Doctors' leaders have today called upon the three main political parties to draw up plans outlining how they will make their profession less elitist. Medicine has a proud tradition of training ethnic minorities dating back decades, whereas until the 1980s there was not a single black, Asian, nor openly gay MP in parliament, and so few women that the advent of all-women shortlists was necessary. About a third of all politicians were educated privately (7% of the population are educated there), with almost half of the Conservatives' ranks hailing from fee-paying schools (not all, however, went to Eton, although in 1966 when 81% went to private school a lot probably did). The BMA have therefore announced that they feel MPs would be well-served by taking as an example the medical schools around the country which are working to improve the representation of the communities they serve among the doctors they train.
Not really, alas. In a display of rank hypocrisy which is up there with the worst of them, unnamed "ministers" have told doctors, lawyers, and accountants they have to draw up plans for making their professions less elitist. That's doctors et al have to make their own professions less elitist - not MPs'.

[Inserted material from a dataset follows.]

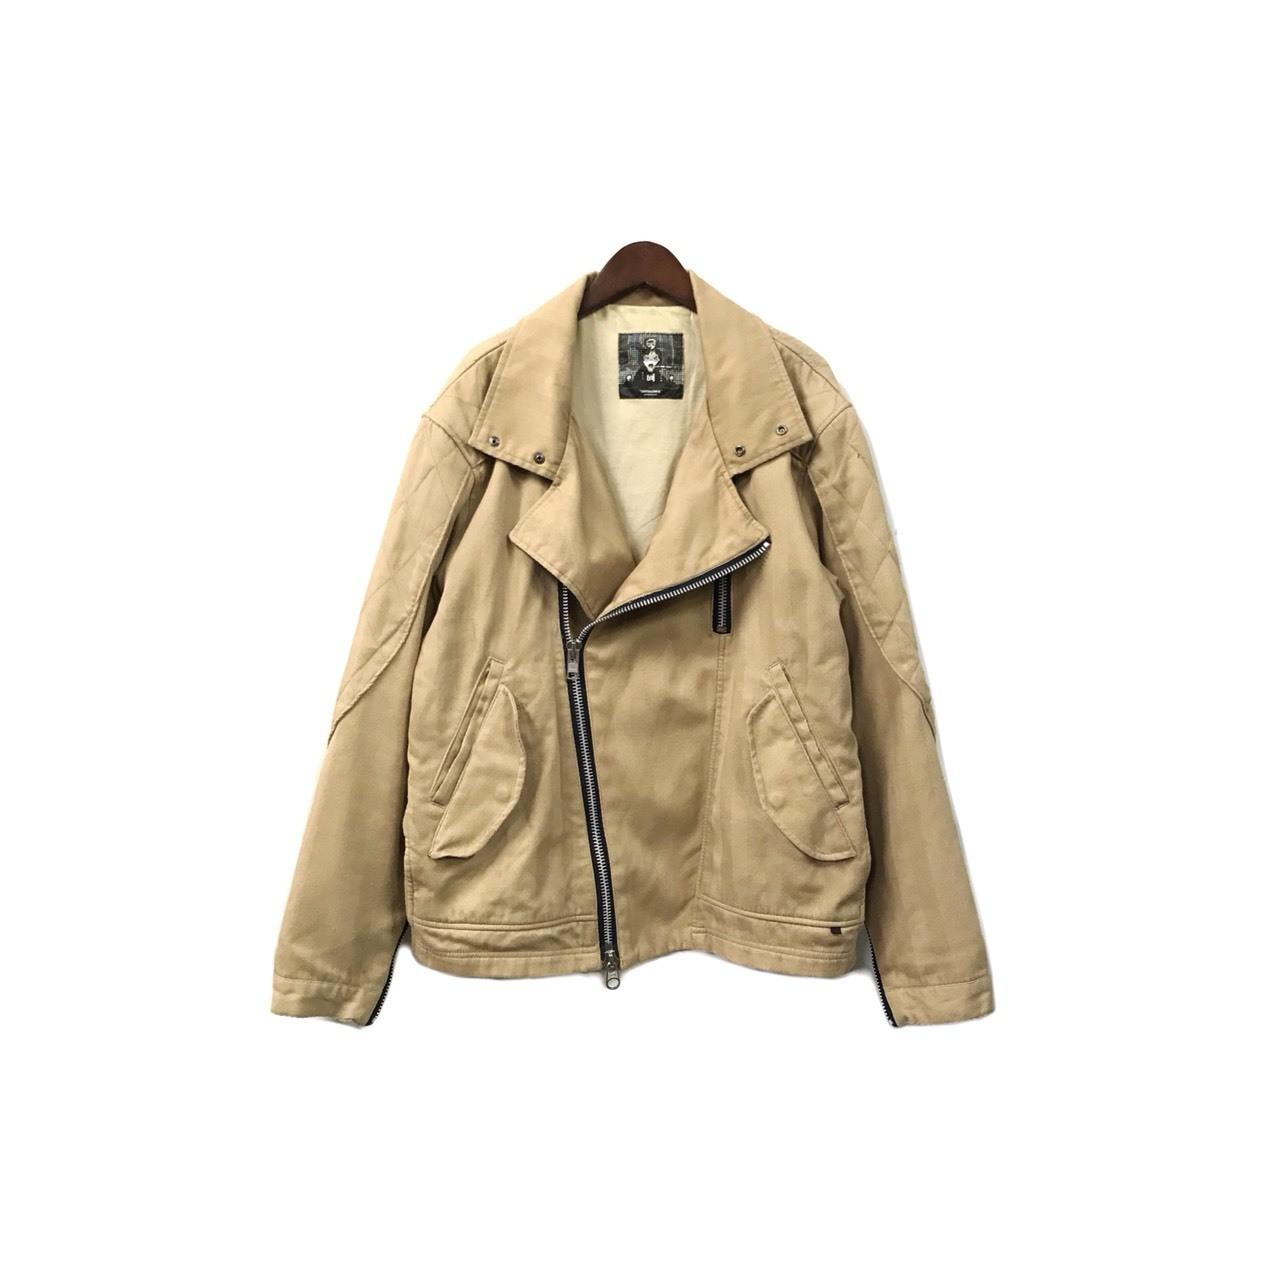 bal - Riders Jacket (size - L) ¥16500+tax → ¥13200+tax

Alan Milburn appears to be the architect of this nonsense, and although his own credentials fit the bill (raised by a single mother, working-class background), his eagerness to sell the healthcare system out from under the feet of the public by taking 30k a year from private healthcare firms makes one rather question his judgement. Do any of these firms provide private medical education, one wonders?
The best thing about this pitiful pre-election vote-grab? The BMA raised this issue in 2004, urging MPs to back an early day motion to the effect that medicine should not be an elitist profession. Six years later, Alan and the largely privately-schooled oafs in Westminster have adjusted the plank on one eye, noticed that several medical schools (notably King's College London) have already begun transforming their admissions policies, and have told doctors' leaders that doctors need to come from a wider range of social backgrounds.
We know. We told you so six years ago. Back to your port, cigars, extraordinarily long holidays, and your lucrative taking of the shill from the private sector.